In essence, the problem with using small studies to estimate the effect size that will be entered into an a-priori power analysis is that due to publication bias or follow-up bias the effect sizes researchers end up using for their power analysis do not come from a full *F* distribution, but from what is known as a *truncated* *F* distribution [@taylor_bias_1996]. For example, imagine if there is extreme publication bias in the situation illustrated in @fig-followupbias. The only studies that would be accessible to researchers would come from the part of the distribution where $\eta_p^2$ > 0.08, and the test result would be statistically significant. It is possible to compute an effect size estimate that, based on certain assumptions, corrects for bias. For example, imagine we observe a result in the literature for a One-Way ANOVA with 3 conditions, reported as *F*(2, 42) = 4.5, $\eta_p^2$ = 0.176. If we would take this effect size at face value and enter it as our effect size estimate in an a-priori power analysis, the suggested sample size to achieve 80% power would suggest we need to collect `r ceiling(pwr_res)` observations in each condition. 
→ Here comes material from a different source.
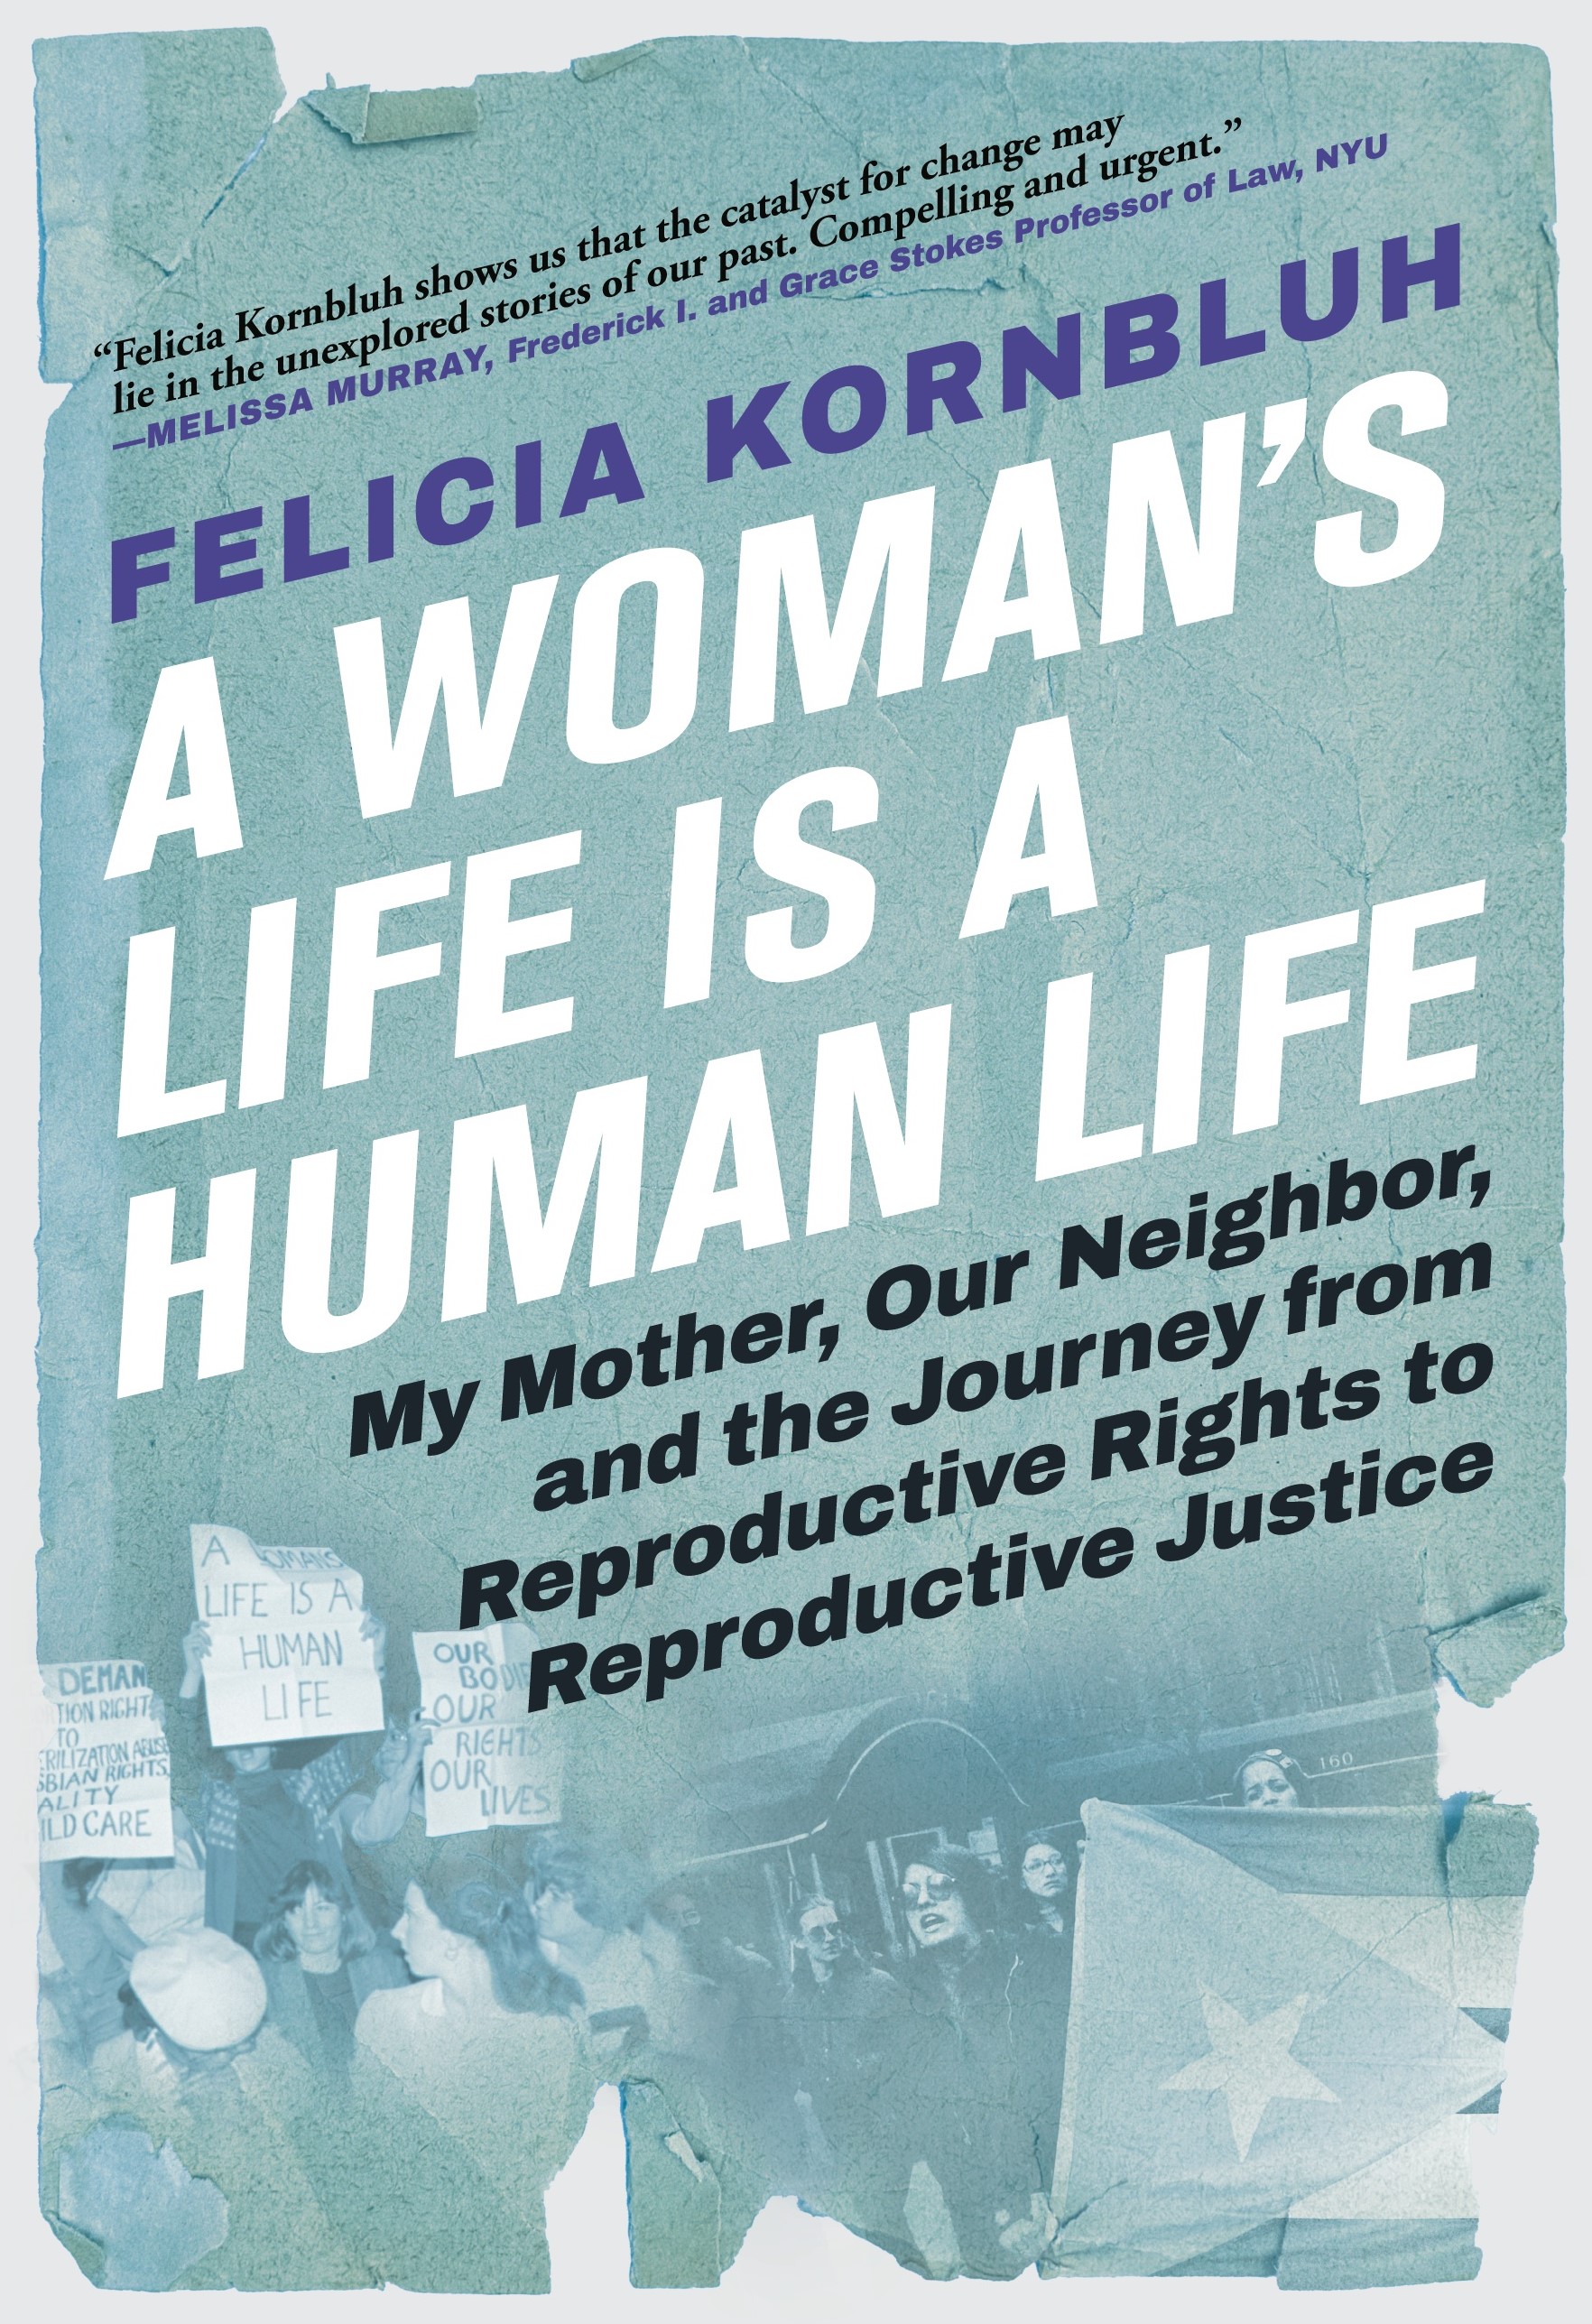 A Woman’s Life Is a Human Life: My Mother, Our Neighbor, and the Journey from Reproductive Rights to Reproductive Justice

However, if we assume bias is present, we can use the `BUCSS` R package [@anderson_samplesize_2017] to perform a power analysis that attempts to correct for bias. In the example above, a power analysis that takes bias into account (under a specific model of publication bias, based on a truncated *F* distribution where only significant results are published) suggests collecting `r BUCSS_res[[1]][1]` participants in each condition instead. It is possible that the bias corrected estimate of the non-centrality parameter used to compute power is zero, in which case it is not possible to correct for bias using this method. As an alternative to formally modeling a correction for publication bias whenever researchers assume an effect size estimate is biased, researchers can simply use a more conservative effect size estimate, for example by computing power based on the lower limit of a 60% two-sided confidence interval around the effect size estimate, which @perugini_safeguard_2014 refer to as *safeguard power*. Both these approaches lead to a more conservative power analysis, but not necessarily a more accurate power analysis. It is simply not possible to perform an accurate power analysis on the basis of an effect size estimate from a study that might be biased and/or had a small sample size [@teare_sample_2014]. If it is not possible to specify a smallest effect size of interest, and there is great uncertainty about which effect size to expect, it might be more efficient to perform a study with a sequential design (discussed below). 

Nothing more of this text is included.